Task to carry out: Your copy runs from the line containing "A single iris" through the last line of the listing, both included. Restate those lines word for word and leave out pictures.

Dataset content:

# # # #

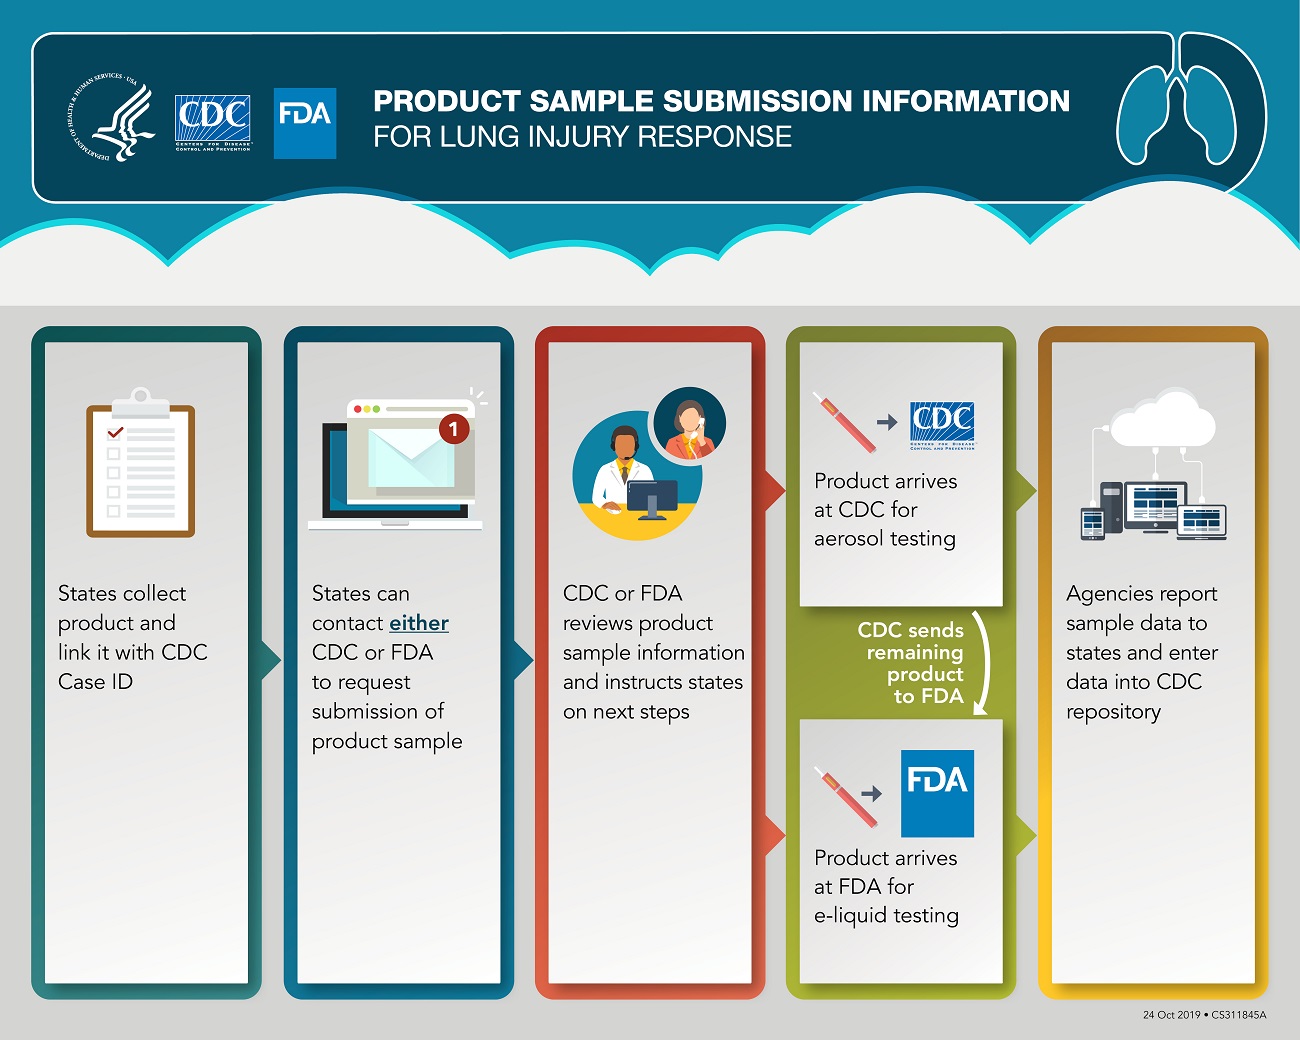 This graphic outlines how states can submit product samples for testing at CDC and FDA for the lung injury response. In the first box to the left, a clipboard with a checkmark is shown to help illustrate the first step in the process. In this step, states collect product and link it with a CDC case ID. An arrow then leads users to the next box to the right to show the next step in the process, which is illustrated by an image of a computer receiving an email. In this step, states can request to submit product to either CDC or FDA. Product(s) must be linked to a confirmed or probable case and have a CDC case ID. An arrow then leads users to the next box to the right showing the third step, illustrated by a two people on a phone call speaking with each other. In this step, points of contact will review sample submissions using agreed upon criteria (e.g., volume of sample). These points of contact will then work with the state on next steps. From here, the graphic points to two different boxes, depending on how the sample is triaged. The top box shows the situation in which the product sample contains sufficient volume and CDC will conduct aerosol testing on it. This box is illustrated with an e-cigarette, or vaping product, with an arrow to CDC. CDC will then send remaining sample to FDA for e-liquid testing. The bottom box in this step shows e-liquid testing at FDA. It is illustrated with an e-cigarette, or vaping, product with an arrow to FDA. The last step is shown in the box to the right. It is illustrated by computers linking with the cloud. In this step, agencies report data to the states. Additionally, both CDC and FDA will enter data from their testing in a secure repository to link epidemiologic, clinical, and product sample information to cases.
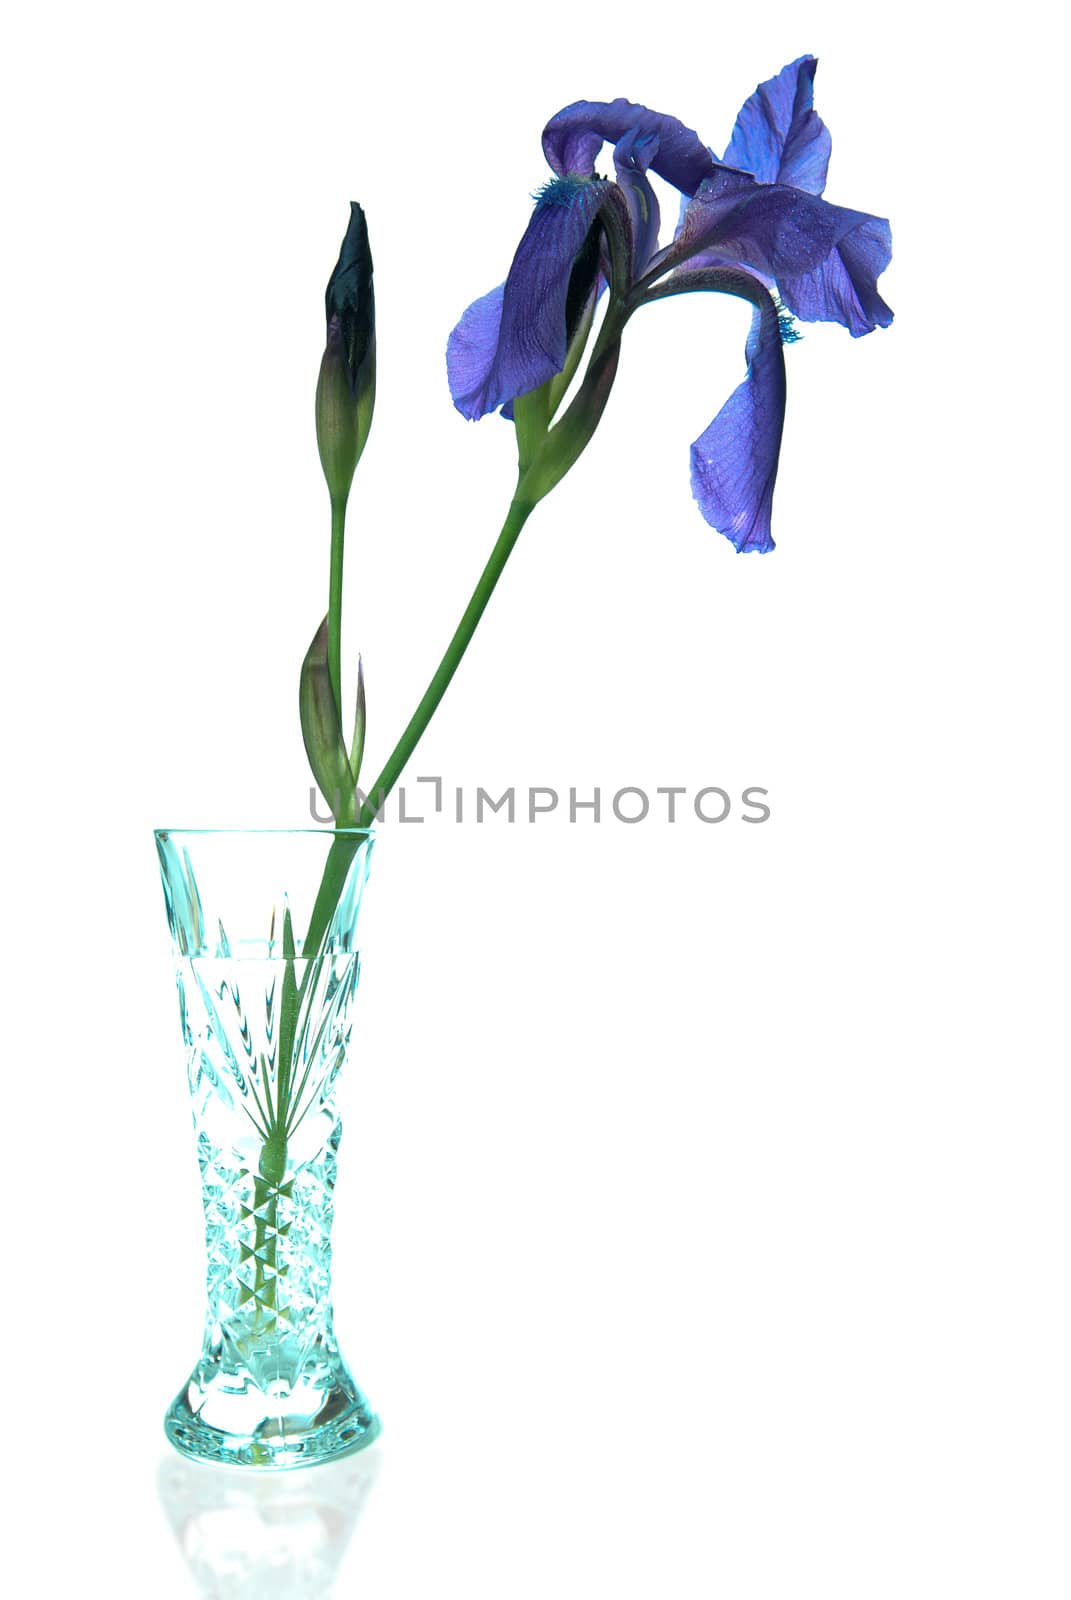 A single iris flower in a crystal vase, isolated against a white background.
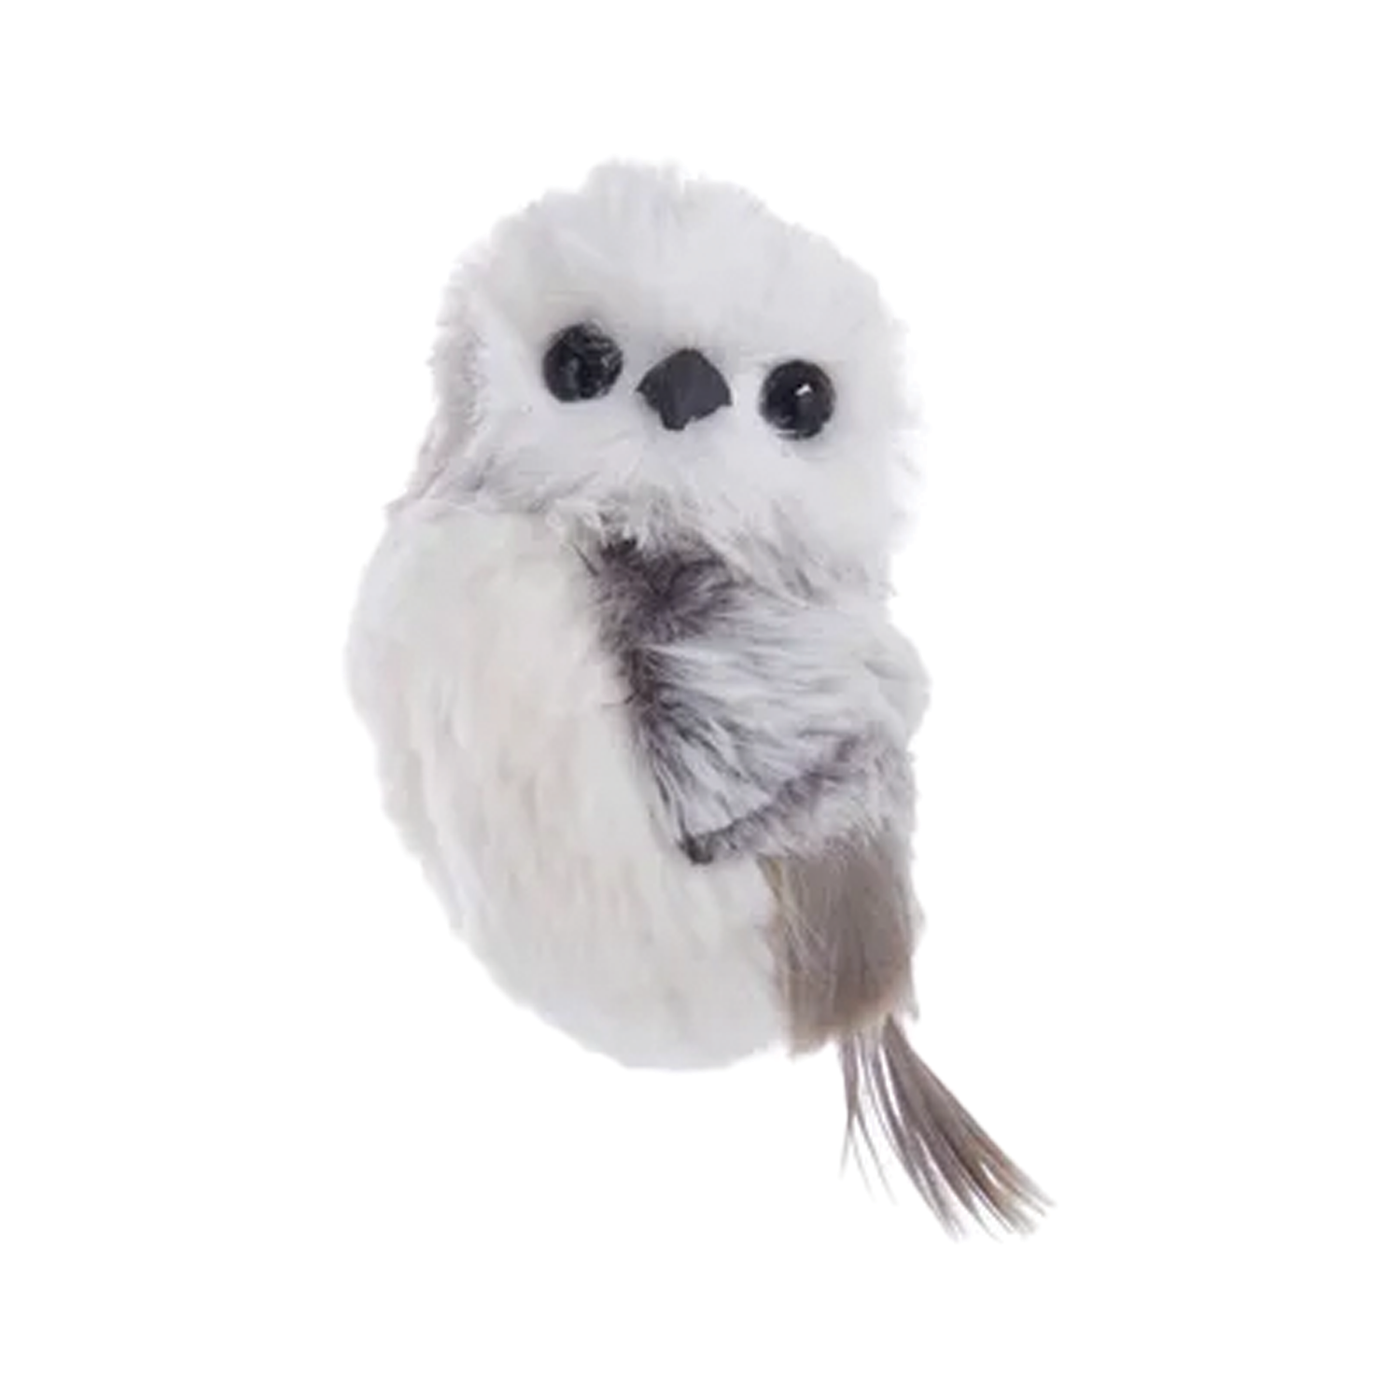 Grey With White Fur Hanging Owl Ornament - Looking Left

# # # #

Task response:
 A single iris flower in a crystal vase, isolated against a white background.
 Grey With White Fur Hanging Owl Ornament - Looking Left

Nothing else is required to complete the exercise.